History and exam

Key diagnostic factors

common

visual loss

Due to anterior optic tract compression or tumour infiltration.[4][6][24] Children are more likely to present with acute loss of vision; in other age groups visual loss, although common, may be insidious in onset.

macrocephaly and hydrocephalus

Macrocephaly may be seen in infants before intracranial sutures fuse, and suggests hydrocephalus, secondary to ventricular outflow obstruction by an intracranial mass.[3][4]

growth failure

Craniopharyngioma is the most common cause of growth failure due to an intracranial tumour.[4][8][14]

In children with craniopharyngioma, growth hormone deficiency (causing growth failure) commonly precedes diagnosis.[25] Growth failure is rarely a cause for referral prior to diagnosis of craniopharyngioma.[8][26]

Other diagnostic factors

common

symptoms of hypogonadotrophic hypogonadism (amenorrhoea, erectile dysfunction)

Craniopharyngioma may present with common symptoms of endocrine dysfunction in older patients.[4][8][9][10][14]

Symptoms of hypogonadism in women include primary or secondary amenorrhoea and, in men, erectile dysfunction due to low testosterone secondary to compression of the adenohypophysis or to elevated prolactin.

headache

Brain tumours often cause headaches that are progressive, often associated with other neurological symptoms, and may be worse in the morning.[2][3][4]

symptoms of intracranial hypertension (nausea, vomiting, decreased sensorium, diplopia)

Raised intracranial pressure is seen with large craniopharyngiomas.
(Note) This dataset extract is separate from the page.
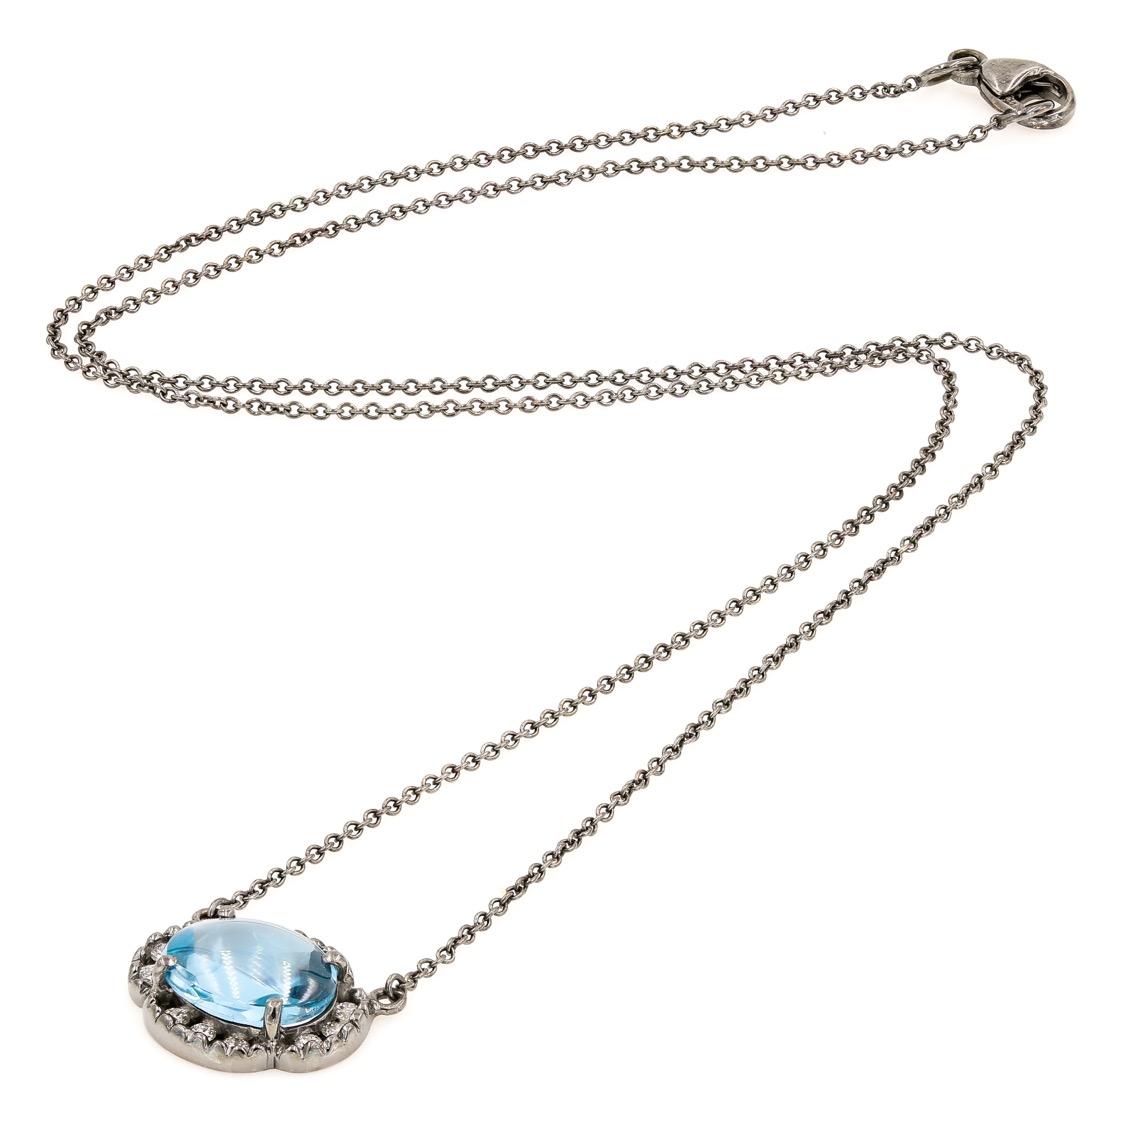 Oval Cut Cabochon Blue Topaz and Round Diamond Necklace 1
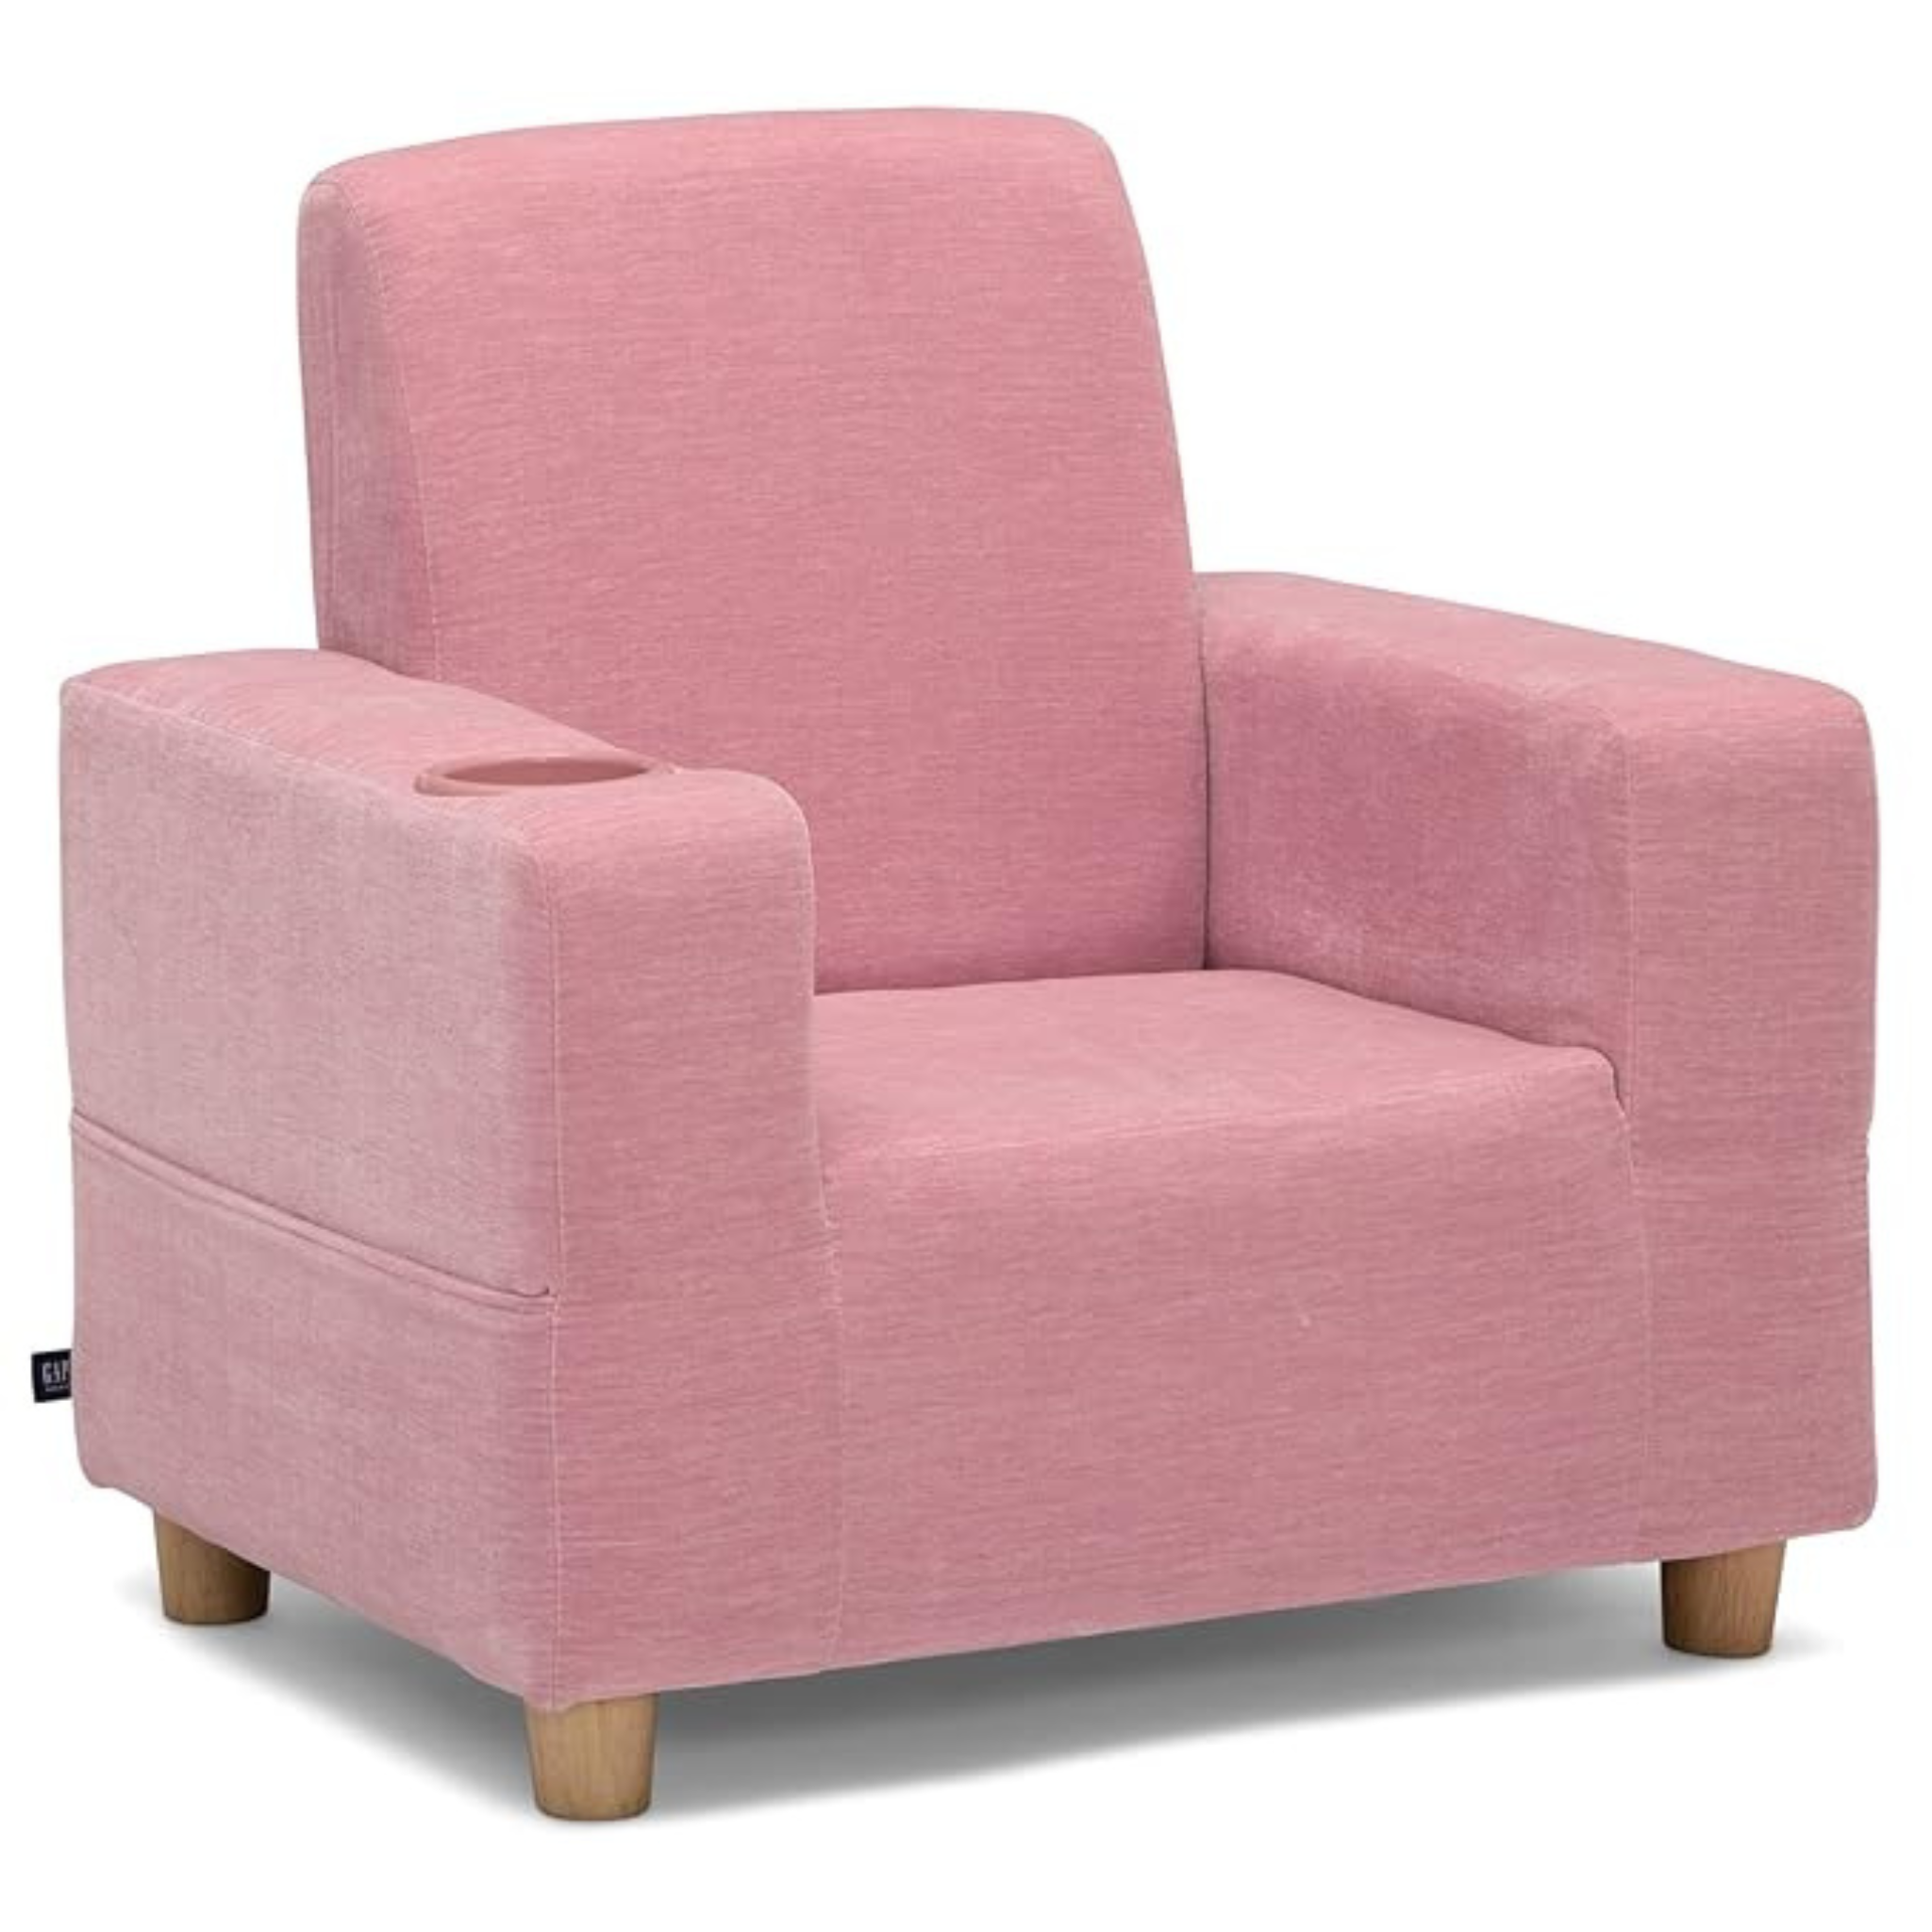 GapKids Upholstered Chair

Develops as a consequence of tumour obstructing the aqueduct or foramina of Monro, resulting in hydrocephalus.[2][3][4]

May develop acutely.

galactorrhoea

Result of hyperprolactinaemia secondary to compression of the adenohypophysis, pituitary stalk, or hypothalamus.[4][8][9][14]

uncommon

optic atrophy

Due to chronic optic nerve compression by tumour or chronic intracranial hypertension.[2][3][4]

polyuria/polydipsia

Result of diabetes insipidus with decreased vasopressin release secondary to pituitary stalk or hypothalamic compression by tumour.[4][8][9][14]

Risk factors

weak

age 5 to 14 years

Although craniopharyngioma may present at any age, a bimodal age distribution is reported with a peak between 5 and 14 years of age and between 50 and 70 years of age.[12][15][16][17]

age 50 to 70 years

Although craniopharyngioma may present at any age, a bimodal age distribution is reported with a peak between 5 and 14 years of age and between 50 and 70 years of age.[12][15][16][17]